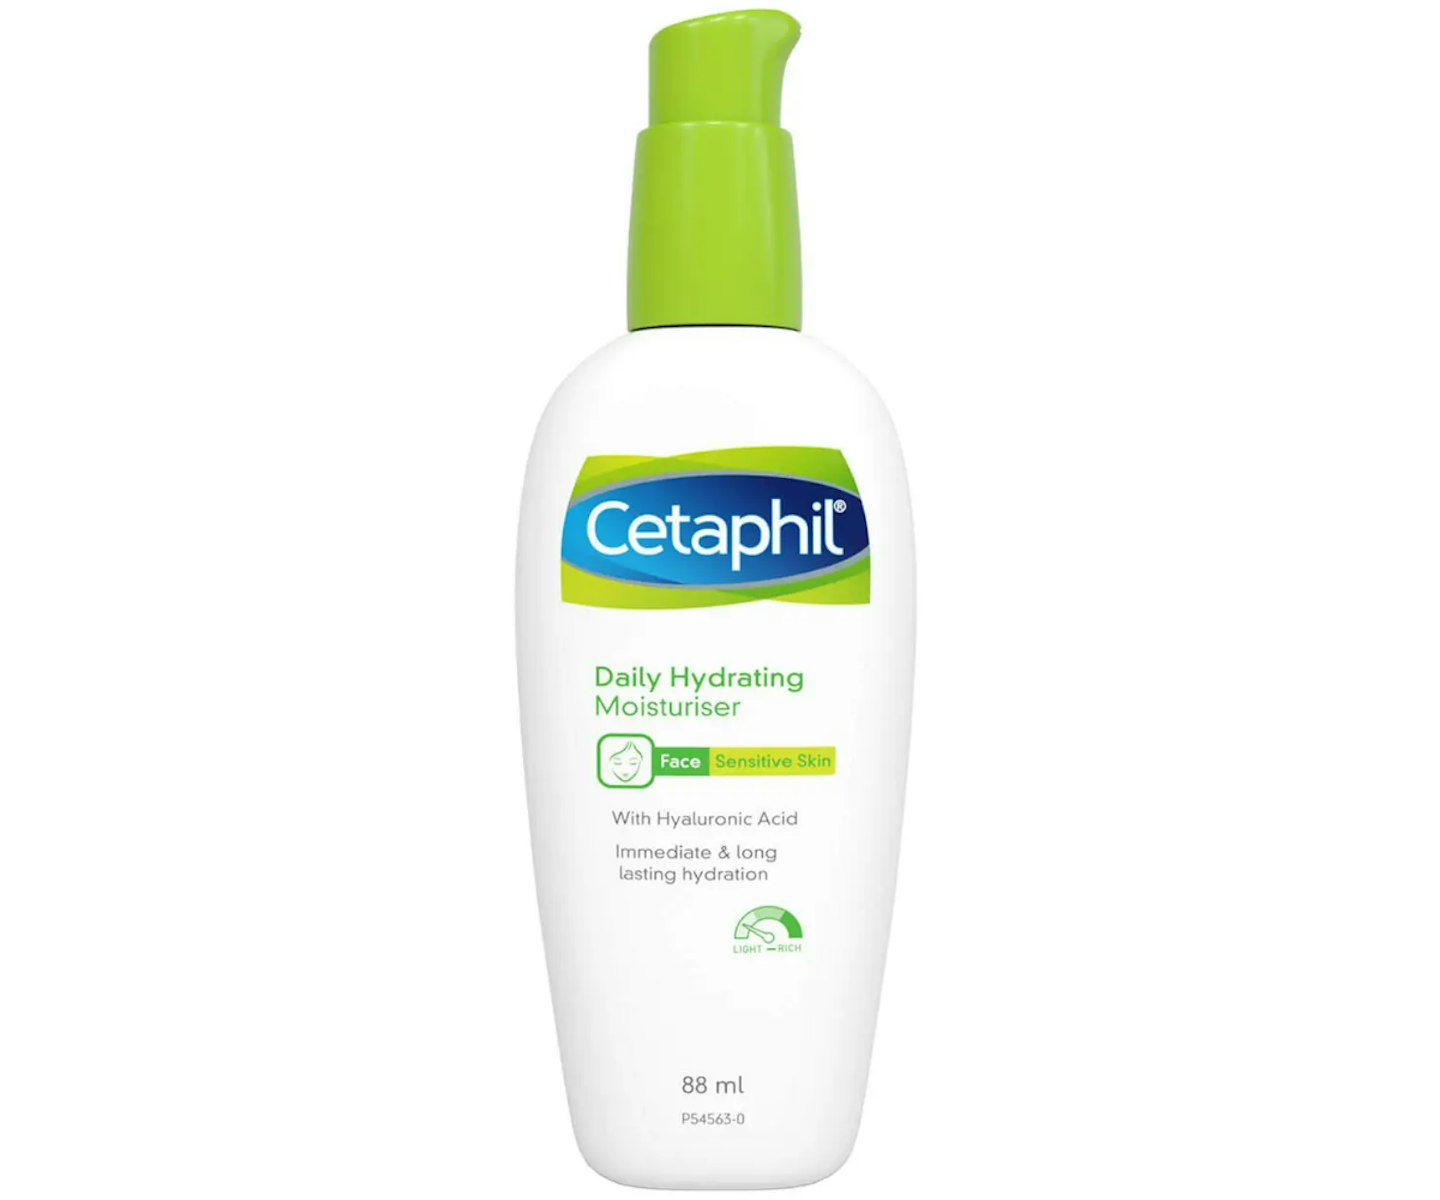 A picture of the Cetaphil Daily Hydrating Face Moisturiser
---
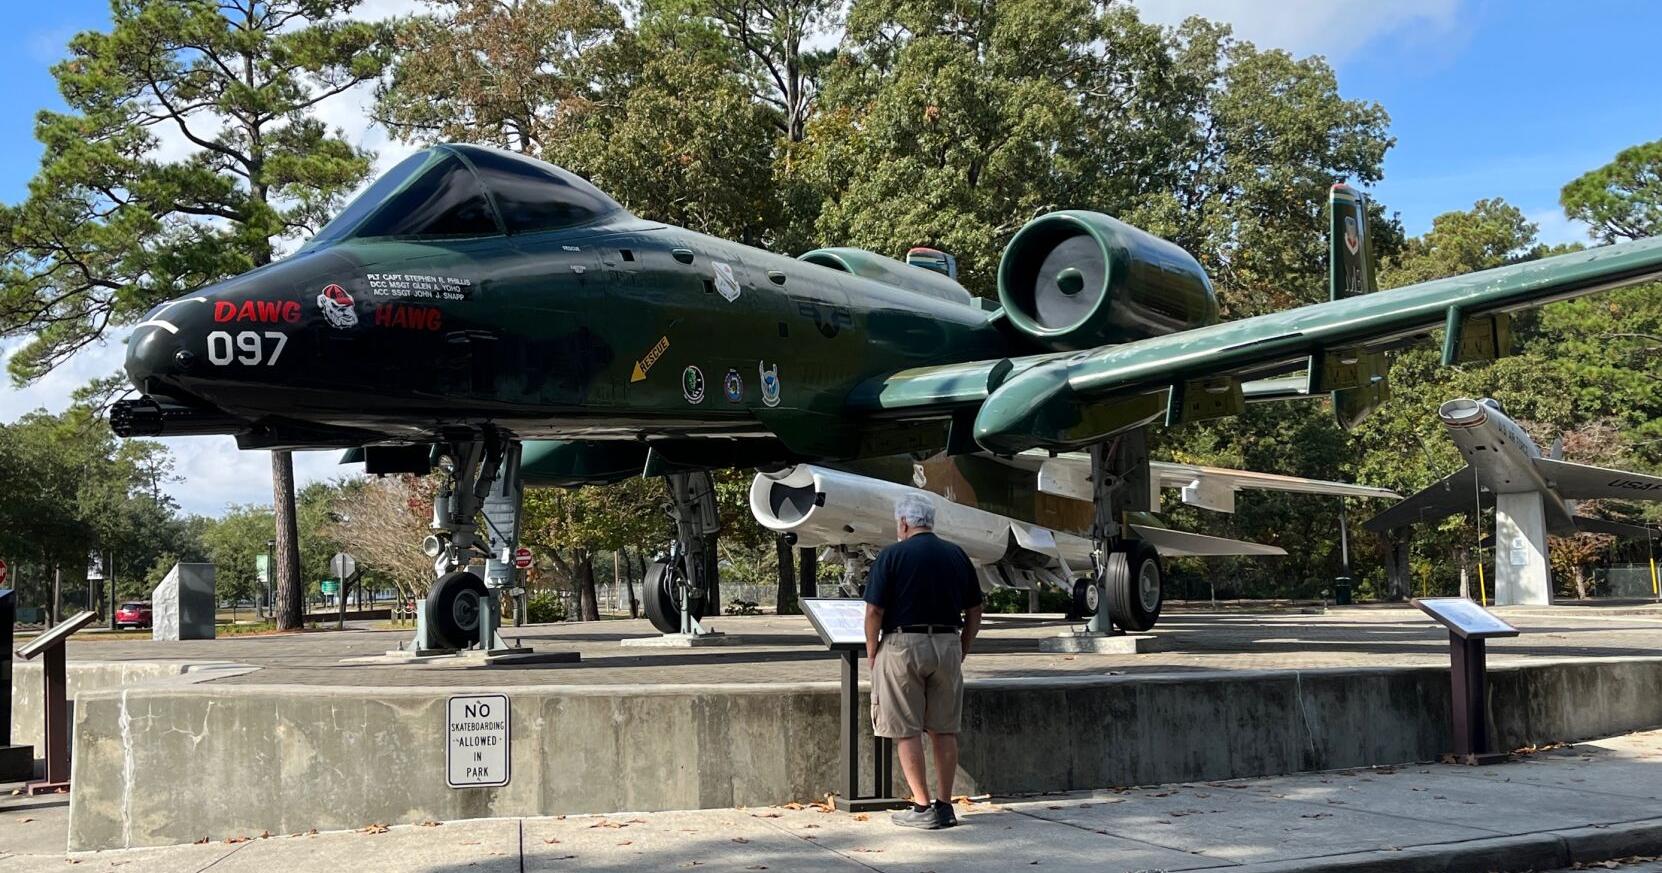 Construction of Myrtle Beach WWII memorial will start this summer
==
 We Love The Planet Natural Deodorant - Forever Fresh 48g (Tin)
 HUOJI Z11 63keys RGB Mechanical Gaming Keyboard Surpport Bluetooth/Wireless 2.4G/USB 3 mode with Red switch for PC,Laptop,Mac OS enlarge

> **ACTIVITY**
When the line with "We Love The" is reached in the data above, start copying there, and copy each line exactly until the line with "HUOJI Z11 63keys" has been copied; copy nothing else.

> **RESULT**
 We Love The Planet Natural Deodorant - Forever Fresh 48g (Tin)
 HUOJI Z11 63keys RGB Mechanical Gaming Keyboard Surpport Bluetooth/Wireless 2.4G/USB 3 mode with Red switch for PC,Laptop,Mac OS enlarge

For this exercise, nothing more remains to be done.